## Data excerpt
========
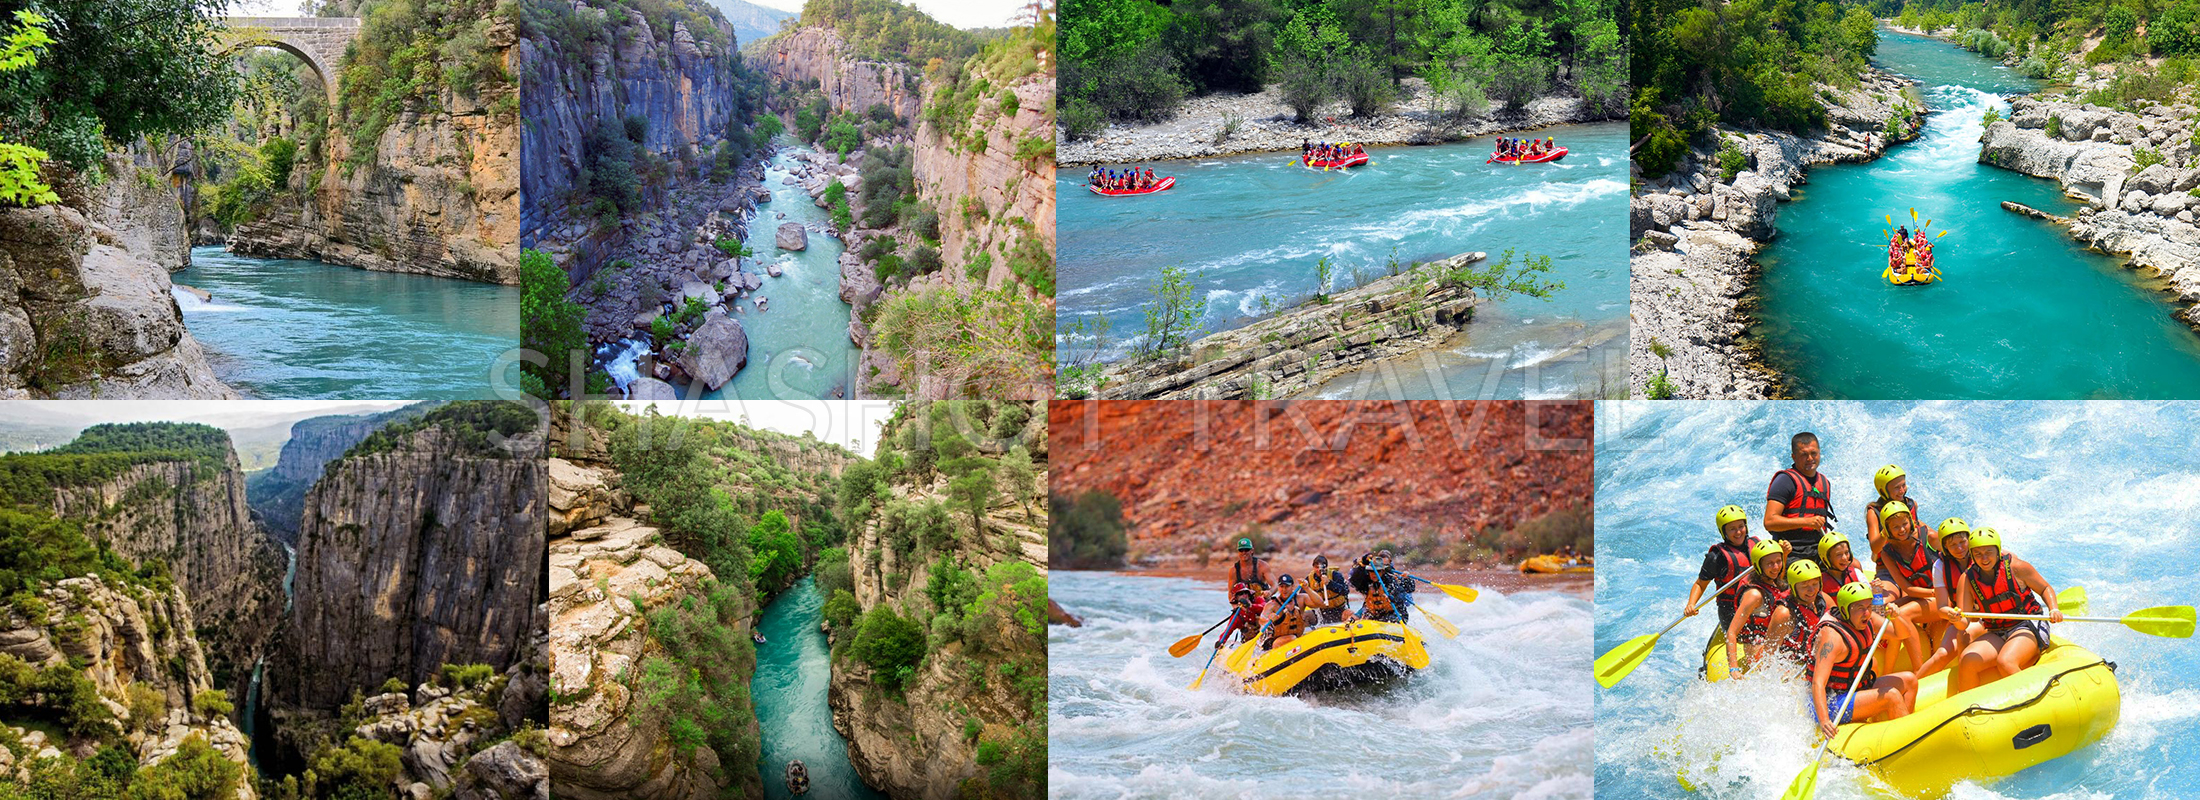 turkey-antalya-koprulu-canyon-rafting-daily-shashot-travel
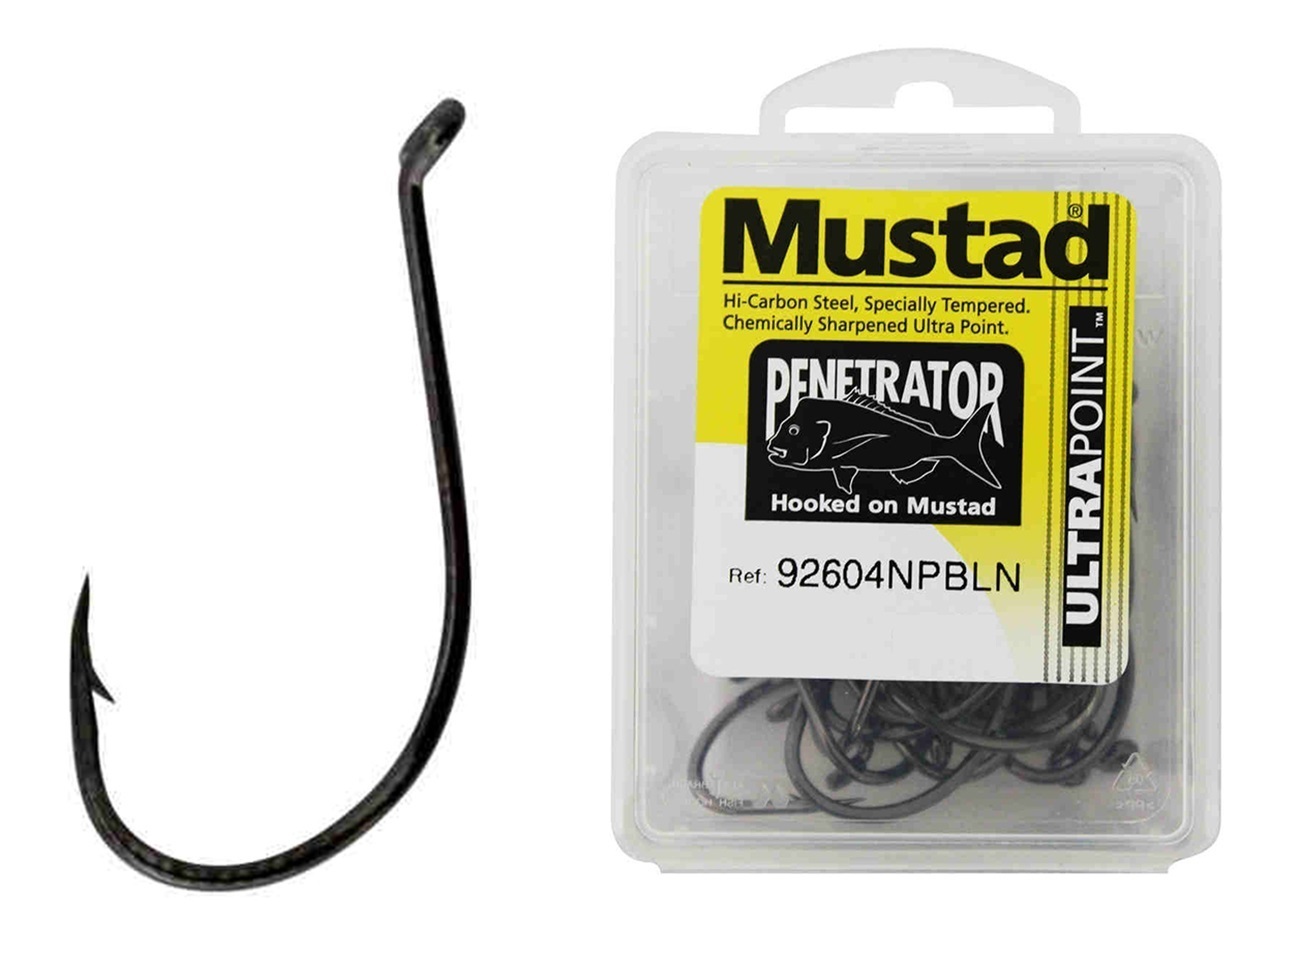 Mustad 92604npbln - Size 7/0 Qty 25 - Penetrator Hooks Chemical Sharp
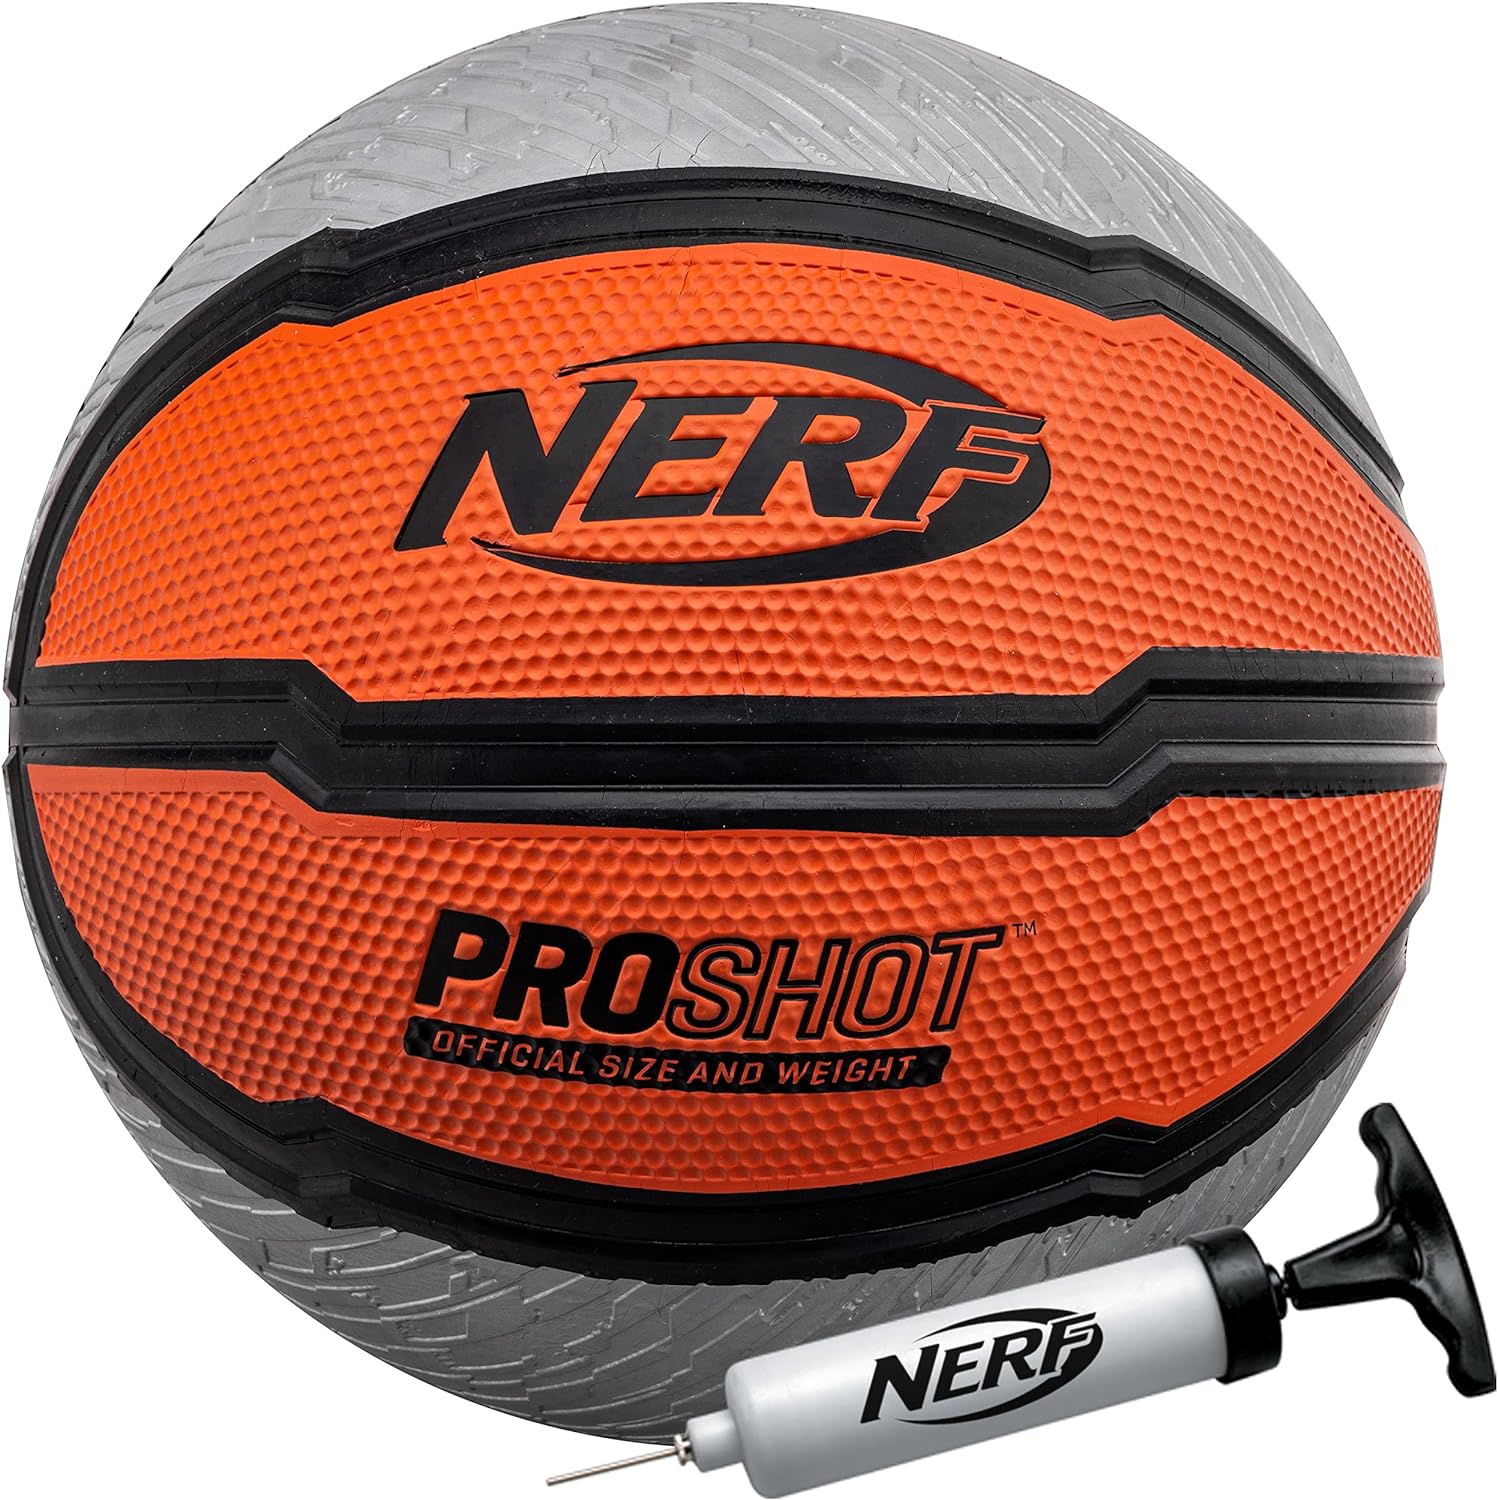 NERF Indoor + Outdoor Basketball - Proshot Official Size 29.5 Basketball + Air Inflation Pump - Extra Grip Basketball for Gym + Driveway Basketball Hoops - Regulation B7 Basketball - Black/Orange
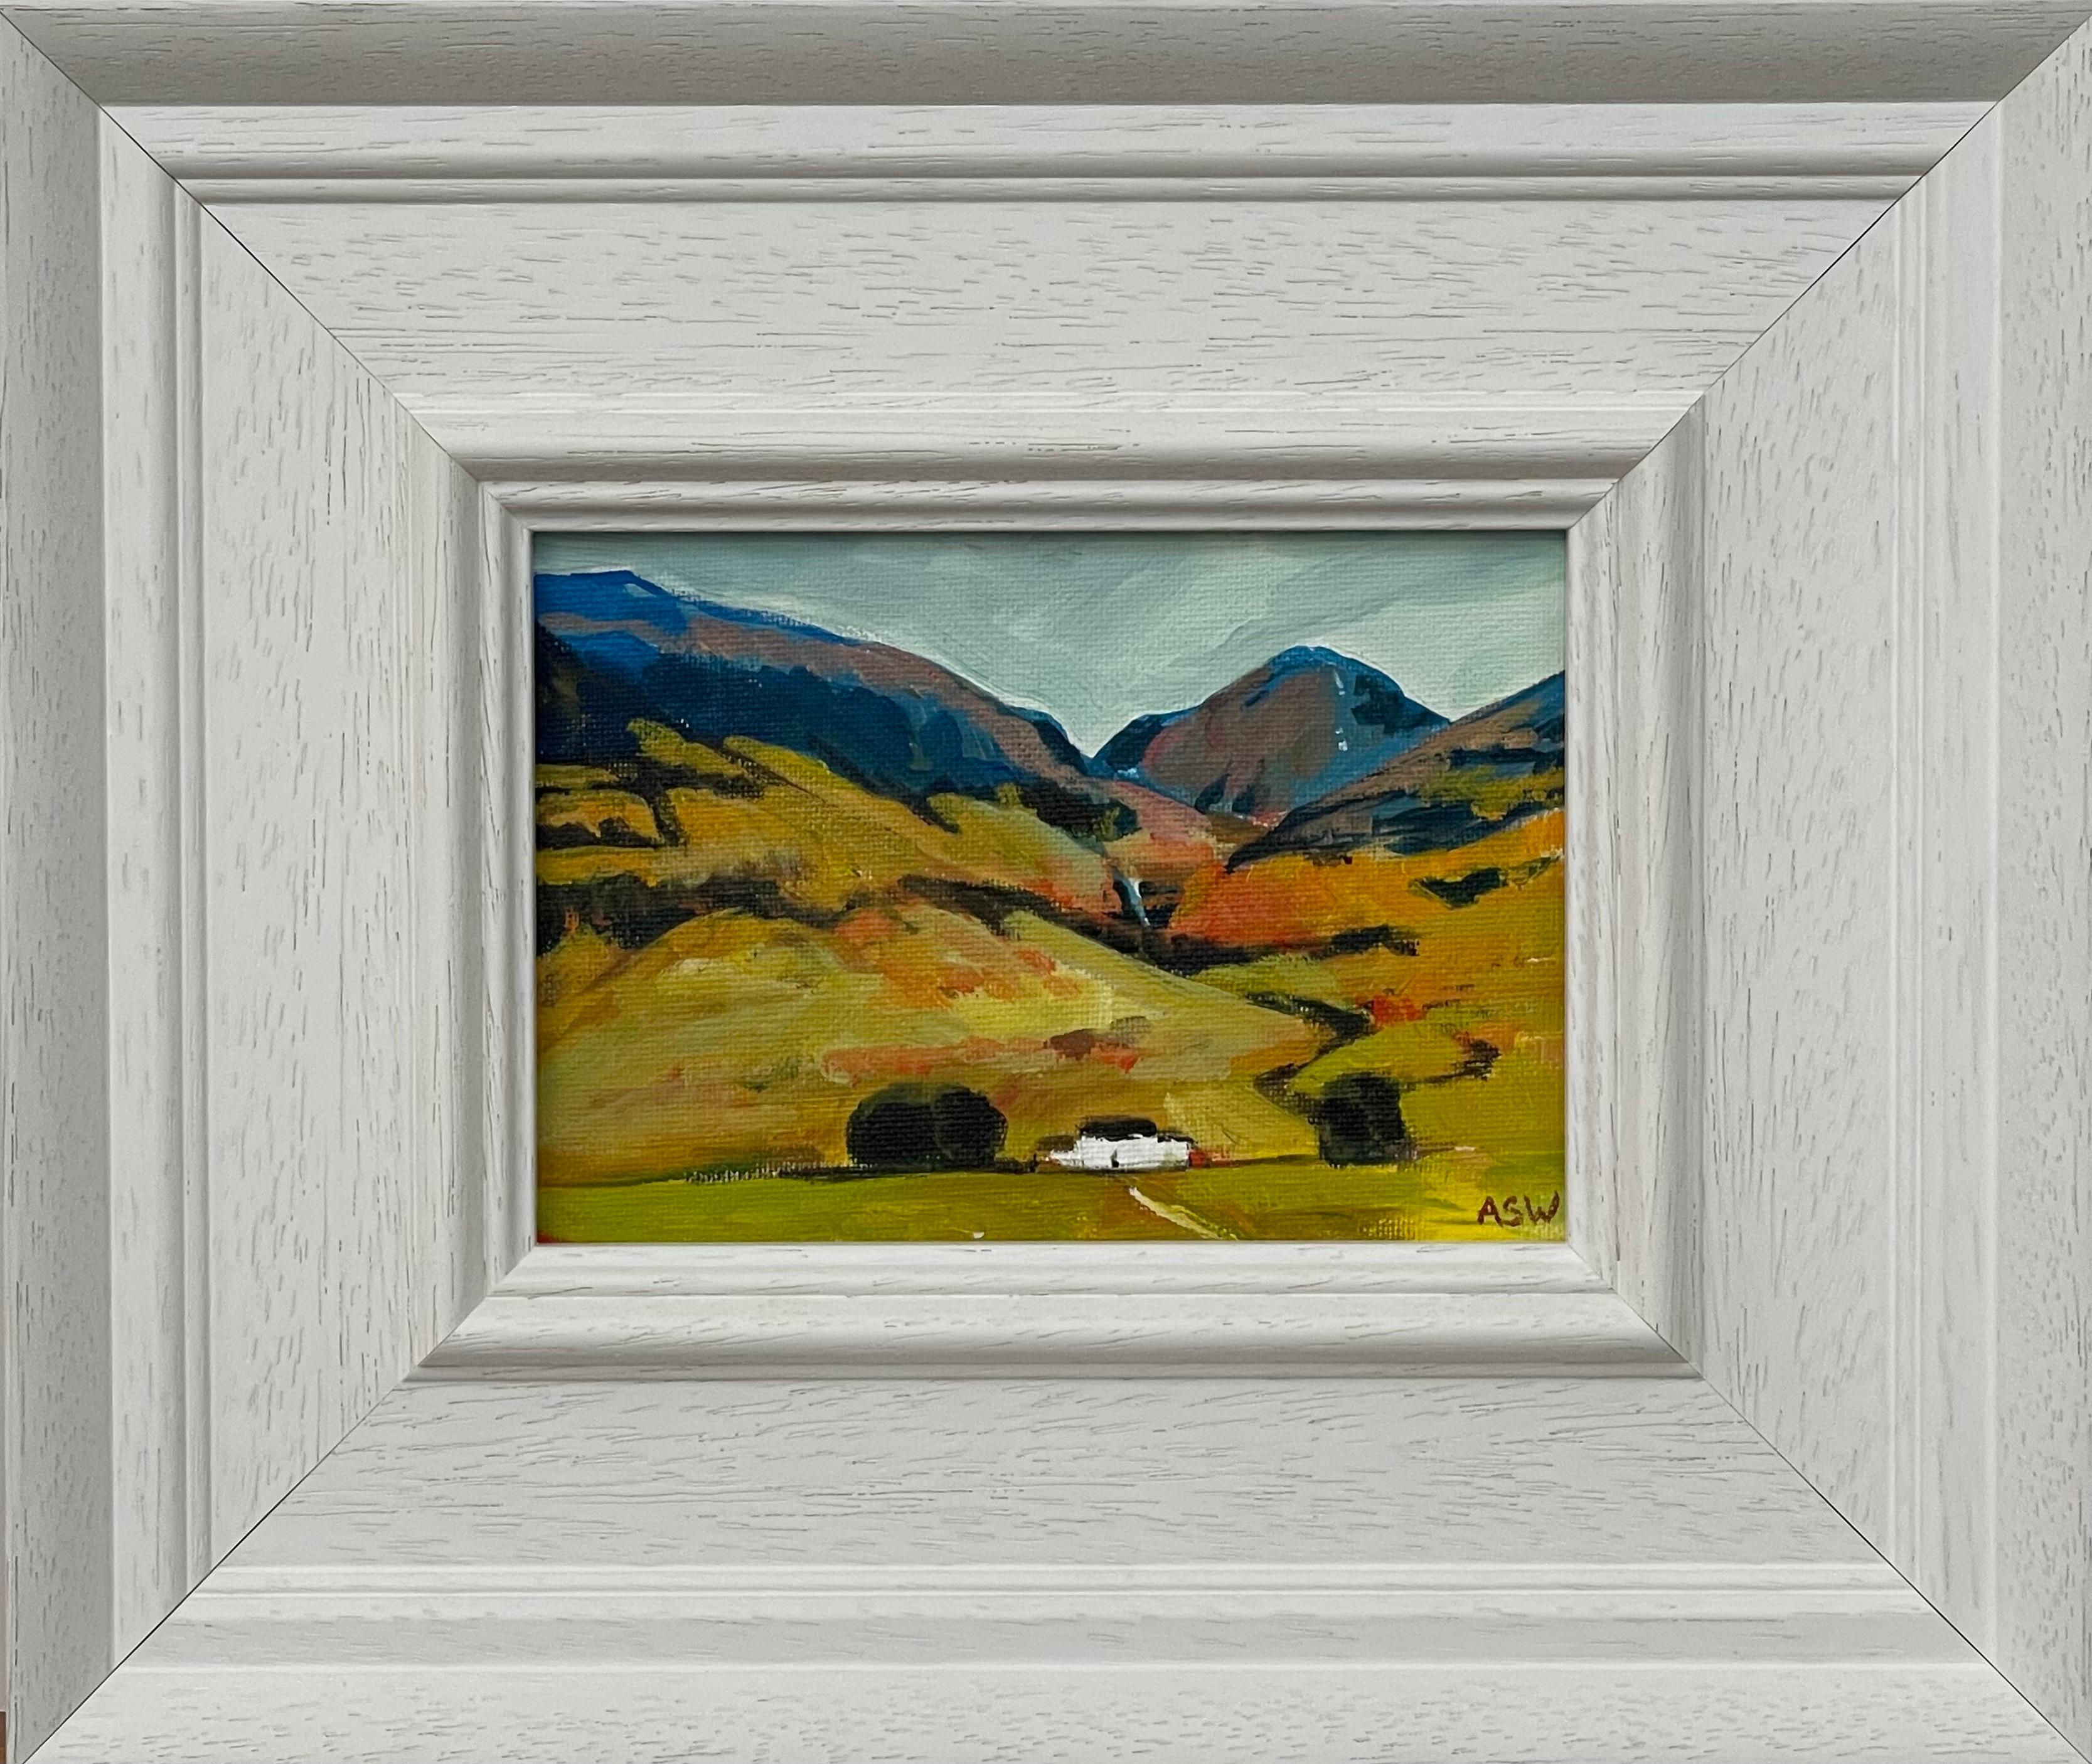 Angela Wakefield Landscape Painting - Miniature Landscape Study of Scottish Highlands by Contemporary British Artist
========
## Goal of the exercise
Repeat the data exactly in full, omitting its pictures.

## Solved exercise
 turkey-antalya-koprulu-canyon-rafting-daily-shashot-travel
 Mustad 92604npbln - Size 7/0 Qty 25 - Penetrator Hooks Chemical Sharp
 NERF Indoor + Outdoor Basketball - Proshot Official Size 29.5 Basketball + Air Inflation Pump - Extra Grip Basketball for Gym + Driveway Basketball Hoops - Regulation B7 Basketball - Black/Orange
 Angela Wakefield Landscape Painting - Miniature Landscape Study of Scottish Highlands by Contemporary British Artist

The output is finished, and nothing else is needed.